By BiotechDaily International staff writers
Posted on 02 Jul 2013
Image: Photomicrograph of nerve cell during an electrical recording (left), fluorescently labeled nerve cell (right), (Photo courtesy of Sanford-Burnham Medical Research Institute).
Image: Photomicrograph of nerve cell during an electrical recording (left), fluorescently labeled nerve cell (right), (Photo courtesy of Sanford-Burnham Medical Research Institute).
A new drug assembled from two [US] Food and Drugs Administration (FDA)-approved compounds completely restored amyloid-beta-induced synaptic loss in an animal model of Alzheimer's disease (AD), providing hope for rapid development of a drug that would benefit patients already displaying symptoms of the disease.

While the breakdown of communications between synapses characterizes cognitive decline in AD, the mechanism of synaptic damage remains incompletely understood.

Investigators at Sanford-Burnham Medical Research Institute (La Jolla, CA, USA) recently described a pathway for synaptic damage whereby amyloid-beta1–42 peptide (A-beta1–42) released, via stimulation of alpha7 nicotinic receptors, toxic amounts of glutamate from astrocytes, in turn activating extrasynaptic NMDA (N-methyl-D-aspartate) -type glutamate receptors (eNMDARs).

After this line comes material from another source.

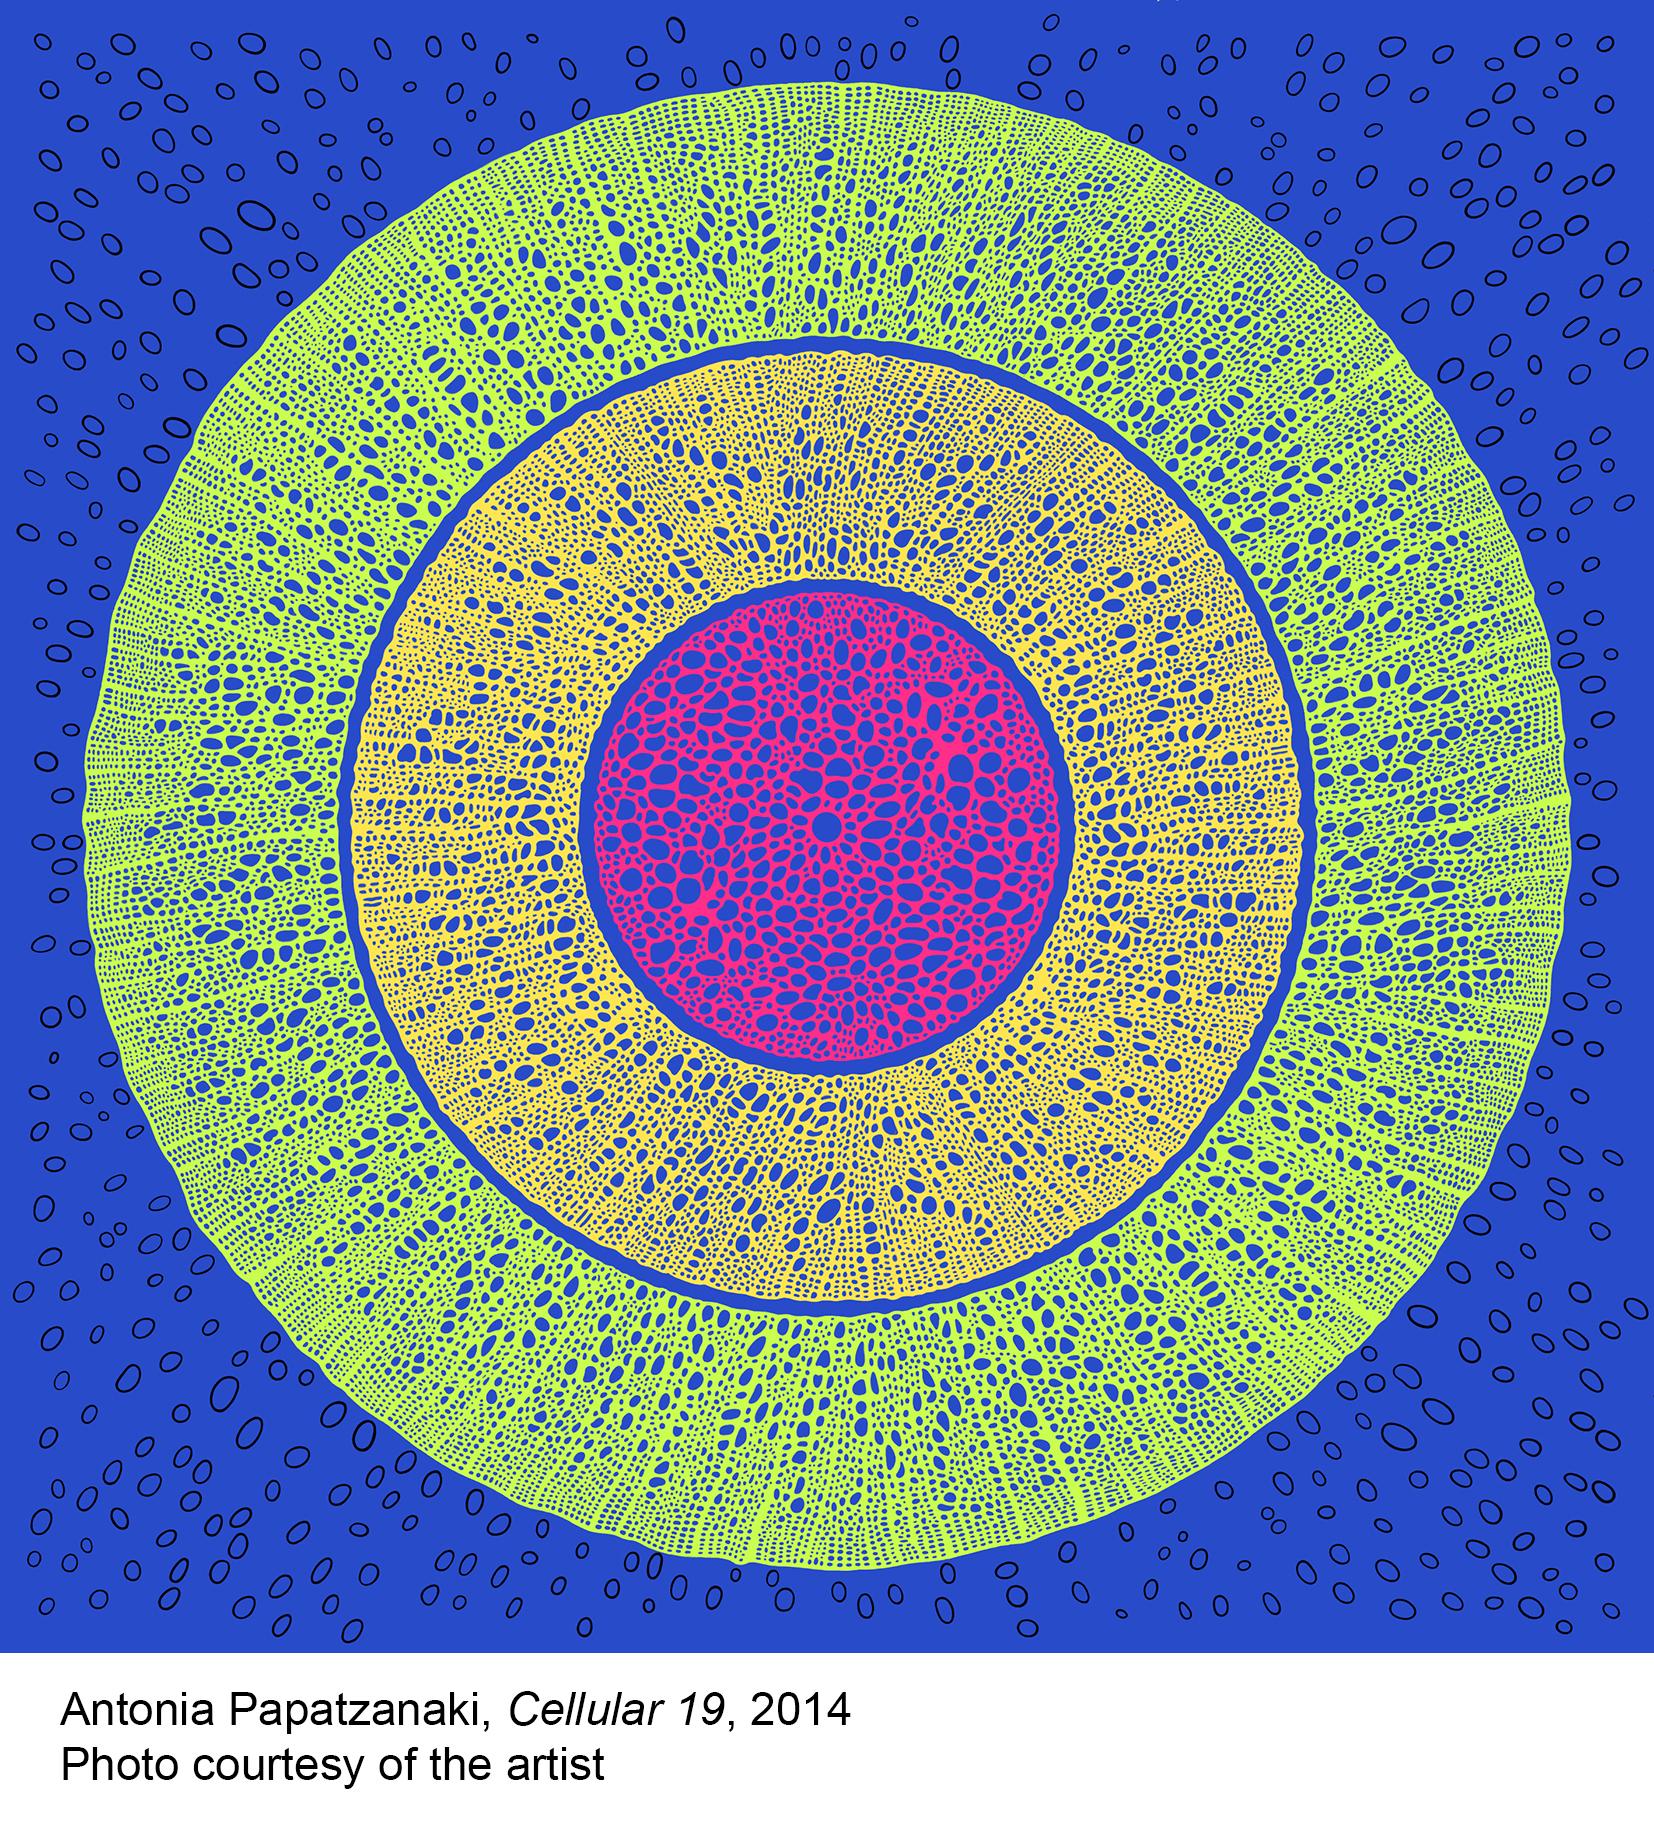 04-Antonia_Papatzanaki_Cellular_19_2014_title .jpg

They noted that the FDA-approved drug memantine offered some limited beneficial effect in severe cases of AD. The drug belongs to the NMDA receptor antagonist class of drugs, which reduce certain types of brain activity by binding to NMDA receptors on brain cells and blocking the activity of the neurotransmitter glutamate. At normal levels, glutamate aids in memory and learning, but if levels are too high, glutamate appears to over stimulate nerve cells, killing them through excitotoxicity.

Memantine has been associated with a moderate decrease in clinical deterioration with only a small positive effect on cognition, mood, behavior, and the ability to perform daily activities in moderate to severe Alzheimer's disease. There does not appear to be any benefit in mild disease.

The investigators reported in the June 17, 2013, online edition of the journal Proceedings of the National Academy of Sciences of the United States of America (PNAS) that when memantine was modified by the addition of a fragment of the FDA-approved drug nitroglycerine, the new drug—NitroMemantine—restored lost synapses in an AD animal model. The memantine component of the drug directed it to synapses where the nitroglycerine fragment inhibited glutamate release.

“We show in this paper that memantine’s ability to protect synapses is limited,” said senior author Dr. Stuart A. Lipton, professor of neuroscience, aging, and stem cell research at Sanford-Burnham Medical Research Institute, “but NitroMemantine brings the number of synapses all the way back to normal within a few months of treatment in mouse models of Alzheimer’s disease. In fact, the new drug really starts to work within hours.”

“These findings actually mean that you might be able to intercede not only early but also a bit later,” said Dr. Lipton, “and that means that an Alzheimer’s patient may be able to have synaptic connections restored even with plaques and tangles already in his or her brain. I am now optimistic that NitroMemantine will be effective as we advance to human trials, bringing new hope to both early and later-stage Alzheimer’s patients.”